Oil settled higher on Wednesday, recovering from multi-month lows, after US government data showed a surprisingly large crude stockpile draw that signalled the market may have been wrong in predicting slumping demand for energy. Crude futures lost more than $10 a barrel over the past month on fear that peak summer demand for gasoline in the United States was not enough to offset a growing global glut in oil supply. A resurgent dollar weighing on commodities and a stock market tumble in No 1 energy consumer China contributed to the decline.
However, data from the US Energy Information Administration showing a 4.2-million-barrel draw in crude stockpiles last week, more than twenty times analysts' expectations for a decrease of 184,000 barrels, indicated demand for energy may have been stronger than some thought. The draw diverged sharply from the prior week's inventory build, which had taken stockpiles to above a five-year seasonal average.
-- Crude futures rise over $1 a barrel before consolidating
The EIA also reported that US gasoline demand was up 6.2 percent from the year-ago period, averaging 9.51 million barrels per day over the past four weeks. "Although just one data point, the latest weekly data may have been enough to provide some support in the face of major headwinds for oil prices," said Chris Jarvis, analyst at Caprock Risk Management in Frederick, Maryland.
Brent and US crude futures jumped more than $1 each on the EIA data, before closing off their highs due to a stronger dollar. The US currency gained in later afternoon trading on speculation that the Federal Reserve was on track to hike interest rates by September. Brent settled up 8 cents, or 0.2 percent, at $53.38 a barrel, after a session high at $54.33.
US crude finished up 81 cents, or 1.7 percent, at $48.79. Its intraday peak was $49.52. Despite the surprisingly strong crude and gasoline drawdown cited by the EIA, the price rebound on Wednesday paled to the selloff in oil seen earlier in the week. On Tuesday, Brent traded at an early February low of $52.28 while US crude fell to $46.68, its lowest since March.
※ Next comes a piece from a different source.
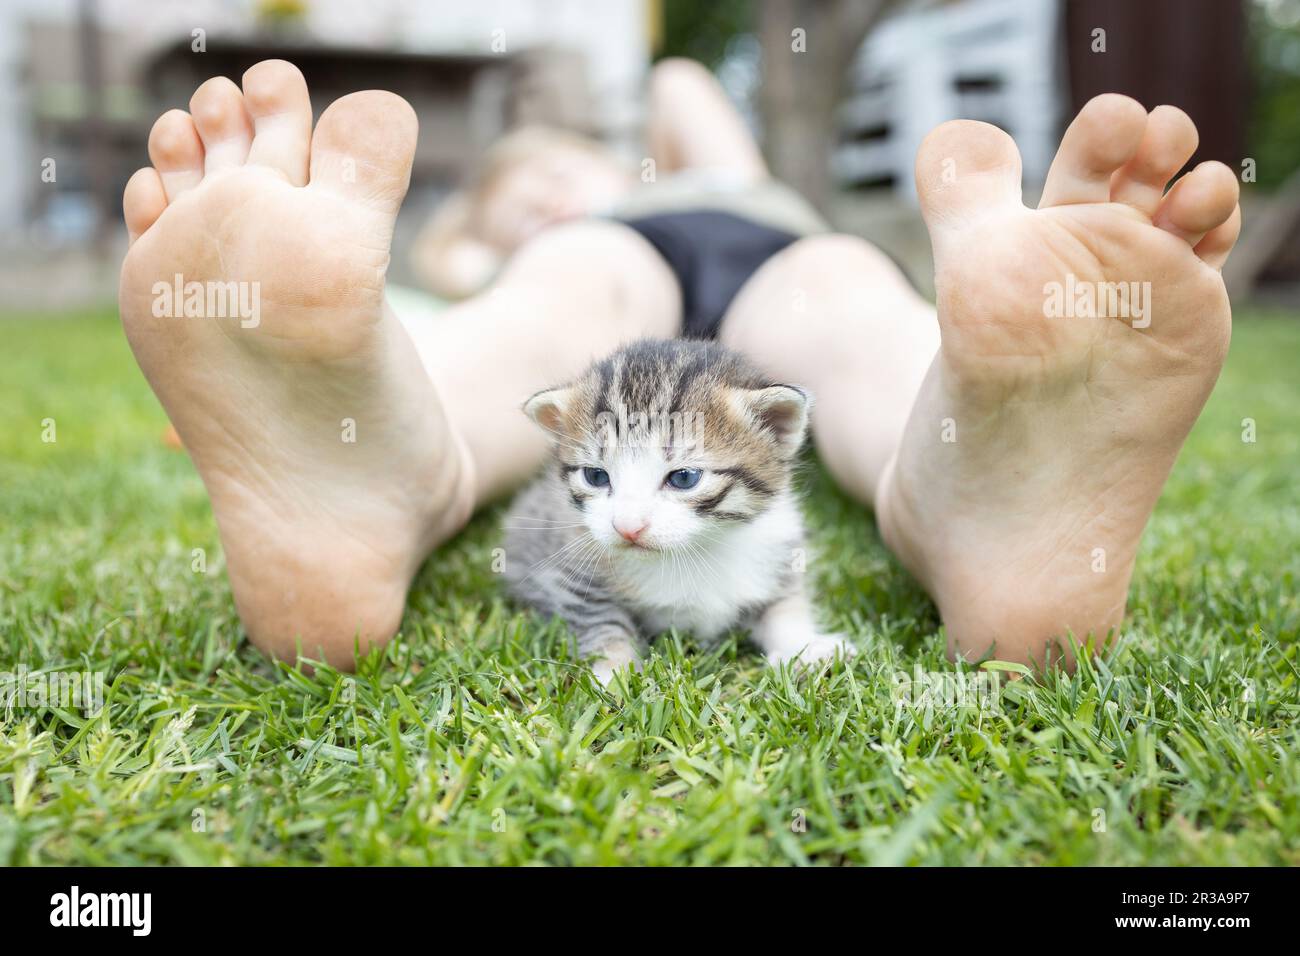 il piccolo gattino carino si siede tra i piedi nudi del bambino sul prato in una calda giornata estiva. Divertente foto di amicizia tra un bambino e un animale domestico. Bambino felice Foto Stock

"It's all a matter of expectations," said David Thompson, executive vice-president at Powerhouse, an energy-specialised commodities broker in Washington. "Given the vast majority of bearish pronouncements on crude over the past few weeks, any sort of draw was likely to elicit a response like this." A mounting global surplus of oil has stripped about 8 percent off crude futures so far this year. Notwithstanding the weekly US stock draw, the build in global inventory is showing few signs of reversing, analysts say.
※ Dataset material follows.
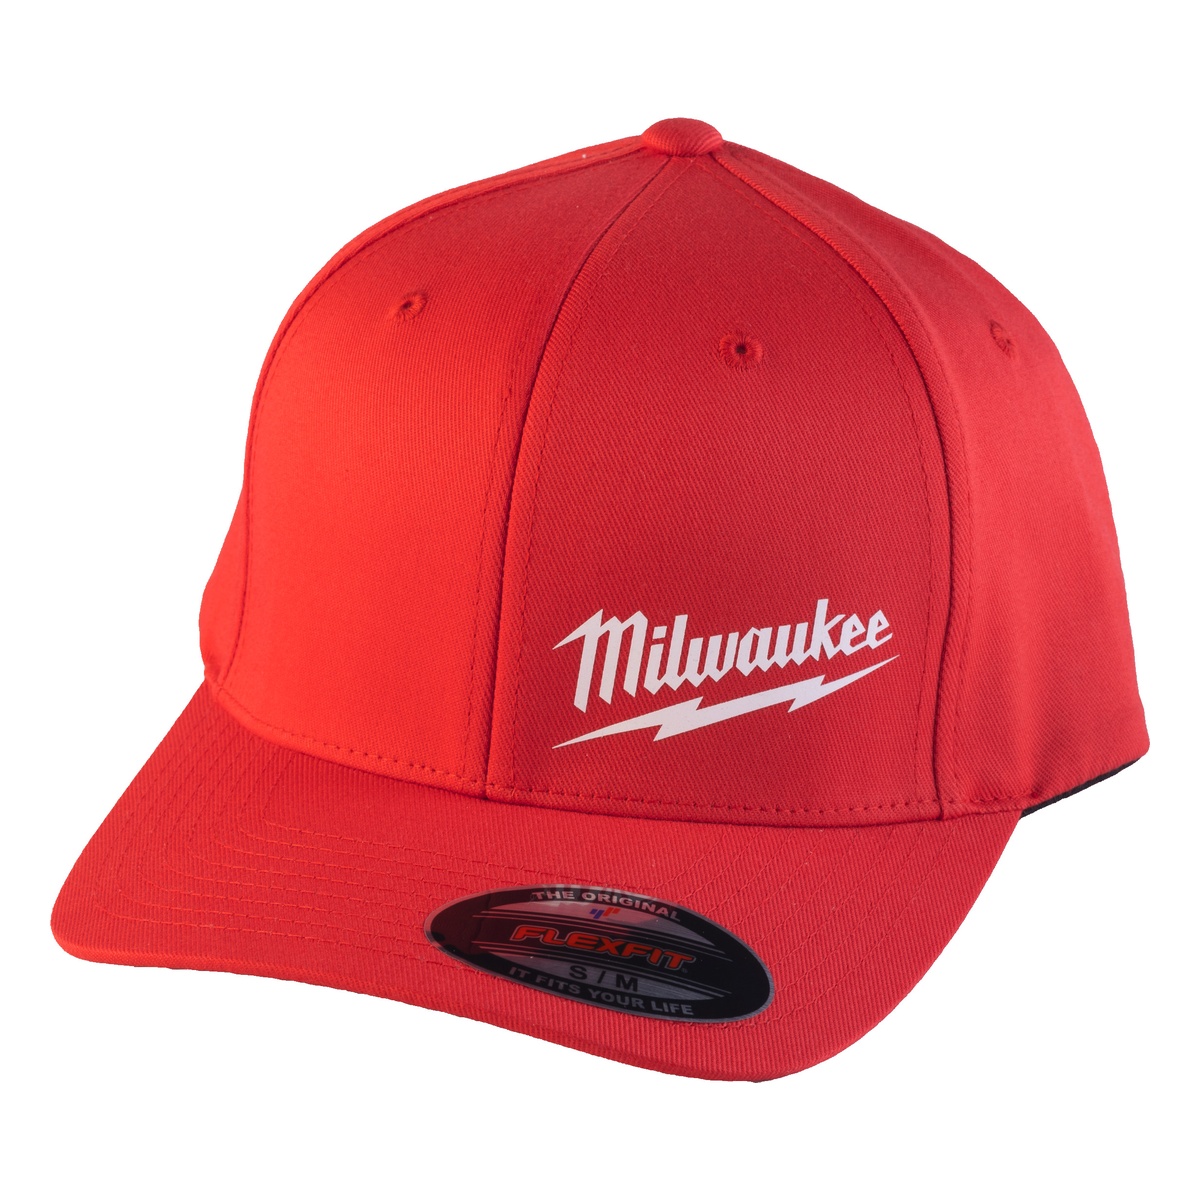 Milwaukee Baseball Kappe rot Größe L/XL mit UV-Schutz BCSRD-L/XL - 1 Stk.

A Reuters survey on Tuesday showed members of the Organisation of the Petroleum Exporting Countries produced around 3 million bpd of oil more than daily demand in the second quarter. Mike Tran, commodities specialist at RBC Capital Markets, said US crude could average in the low $50 range through the balance of the year. "This remains a supply-driven market. Supply drove us into this low price environment and supply will have to be what ultimately digs us out," he said.